Parenting While Undiagnosed
For a long time, I lived in survival mode without even realizing it. I had been diagnosed with Lupus as a teenager, but over the last year, new symptoms popped up, fatigue that felt heavier than before, shortness of breath from everyday tasks, and dizziness I couldn’t explain. Still, I kept going. Because I had to.
Before I knew what was wrong, I blamed myself.
I thought I was just out of shape.
I felt guilty for needing more breaks than other parents.
I dismissed the signs because who has time to fall apart when you’re raising a child?
It wasn’t until I passed out at home in 2025 that things started to unravel, and finally, come together. I was diagnosed with Pulmonary Arterial Hypertension (PAH), and told my symptoms were part of a broader condition: Mixed Connective Tissue Disease (MCTD), not just Lupus.
Getting the right diagnosis changed everything. Not because it fixed my health overnight, but because it allowed me to stop pretending I was fine.
3 Things I’ve Learned as a Chronically Ill Parent
Chronic illness doesn't pause for parenting, and parenting doesn't pause for chronic illness. Here's what I’ve learned navigating both at once:
1. My energy changes day to day — and I’ve had to parent through all of it.
Some days, I have the energy to do all of the things. Other days, it takes everything I have just to make it through bedtime. For a long time, I was hard on myself on the low-energy days, like I wasn’t doing enough, like I was letting everyone down. But I’ve learned to stop measuring my worth as a parent by what I do and start honoring how I show up.
2. Rest is not a reward. It’s required.
Rest used to feel like something I had to earn. Now it’s something I plan for, prioritize, and protect. Sometimes that means saying no to things other moms can say yes to, but that’s okay. My energy is precious.
3. Kids notice care, not perfection.
My kids know I take medicine every day. They know I might need to sit down and take a break during long outings. They don’t question it; they just move with it. What I’ve learned is that children don’t need you to be invincible; they just need to feel safe, loved, and understood. The way I care for myself in front of them is part of how I care for them, too.

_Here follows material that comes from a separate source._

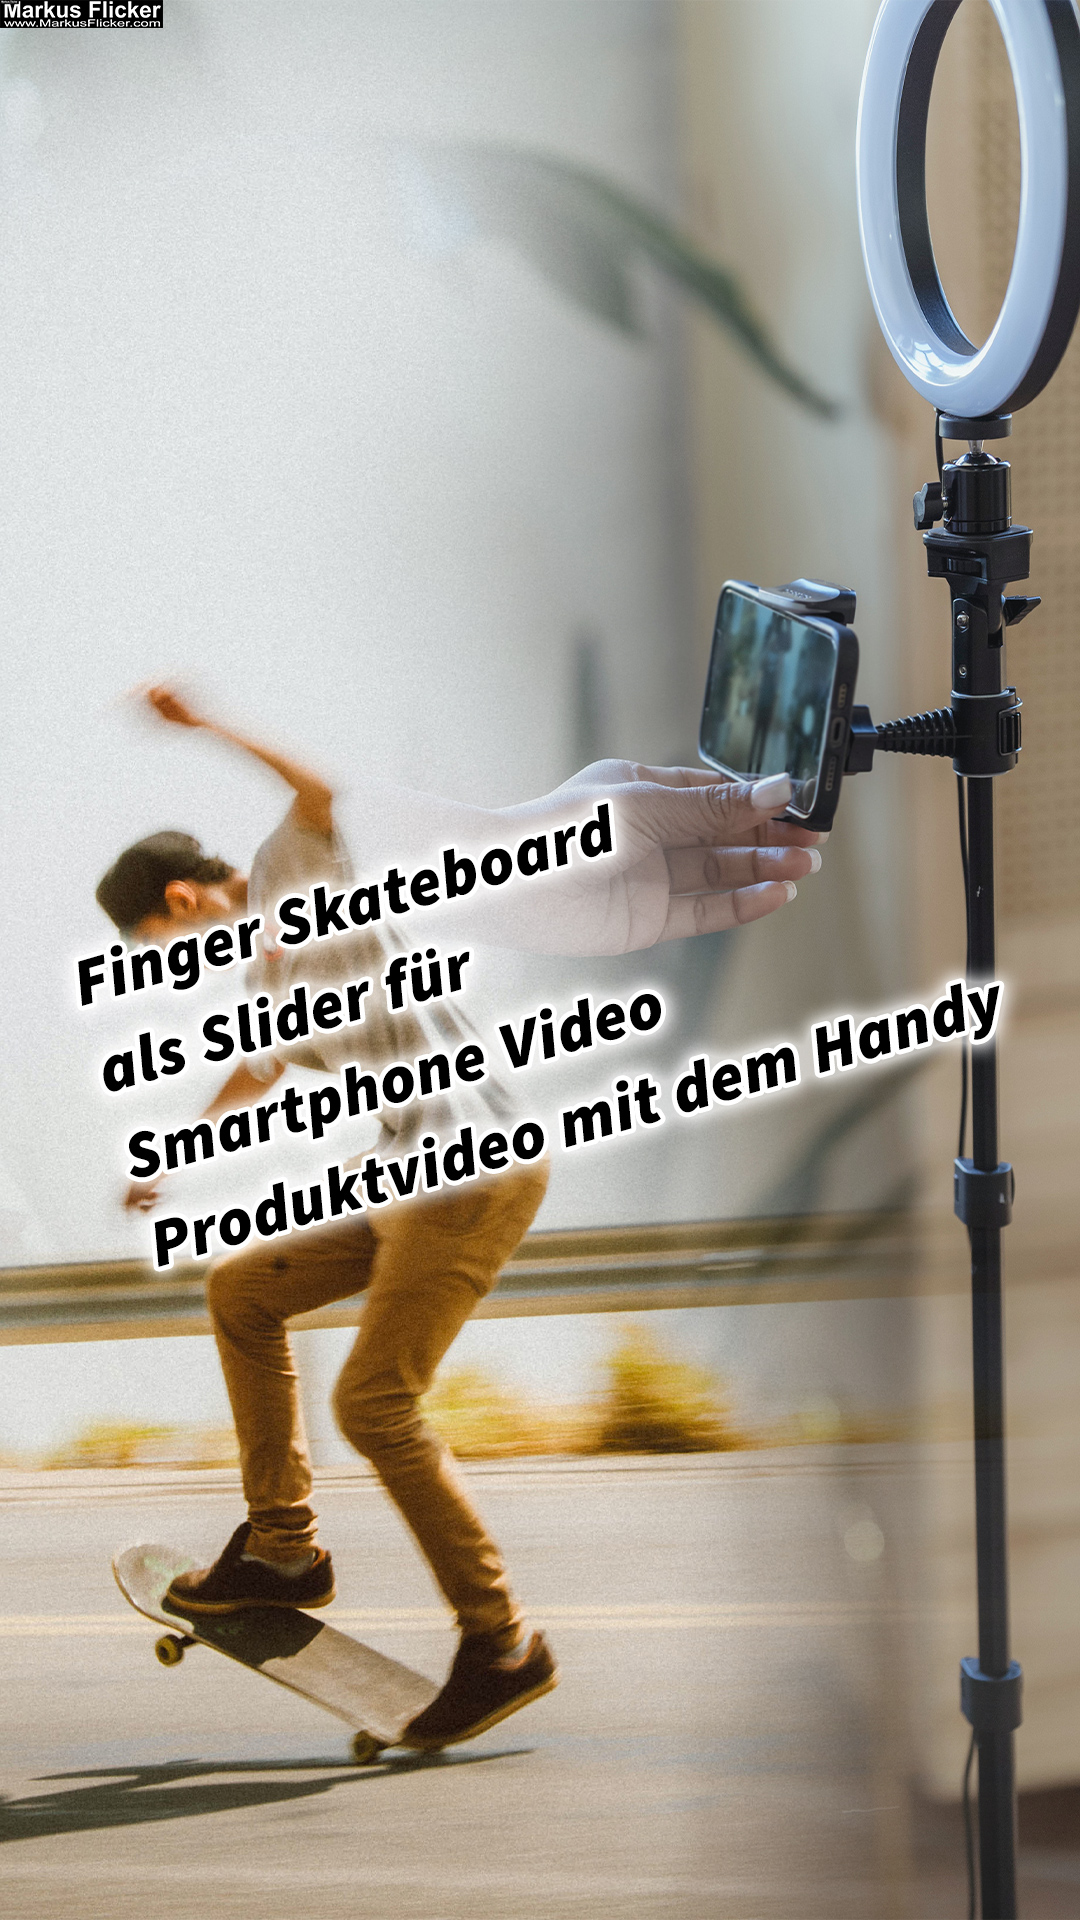 Finger Skateboard als Slider für Smartphone Video Produktvideo mit dem Handy

For Parents Still Waiting on a Diagnosis
Living with symptoms but without answers can feel isolating and frustrating, especially when you’re trying to parent through it. Did you know that the average time between symptom onset and detection of PH is over 2 years?
If you’re still navigating the uncertainty of an undiagnosed or misdiagnosed illness, here are a few things that helped me keep going:
Track what you’re experiencing. Keep notes on your symptoms, patterns, and triggers. This helps you communicate clearly with doctors and advocate for yourself.
What changes or flare-ups have you noticed recently?
Build a support network. Whether online groups, friends, family, or platforms like CMI, find people who understand or want to understand your experience.
Who can you reach out to today for emotional or practical support?
Celebrate your parenting wins — big or small. Even on the toughest days, you’re showing up. Sometimes, survival is the biggest success.
What’s one thing you did recently that made you proud?
Remember: Your parenting journey is valid — diagnosis or not.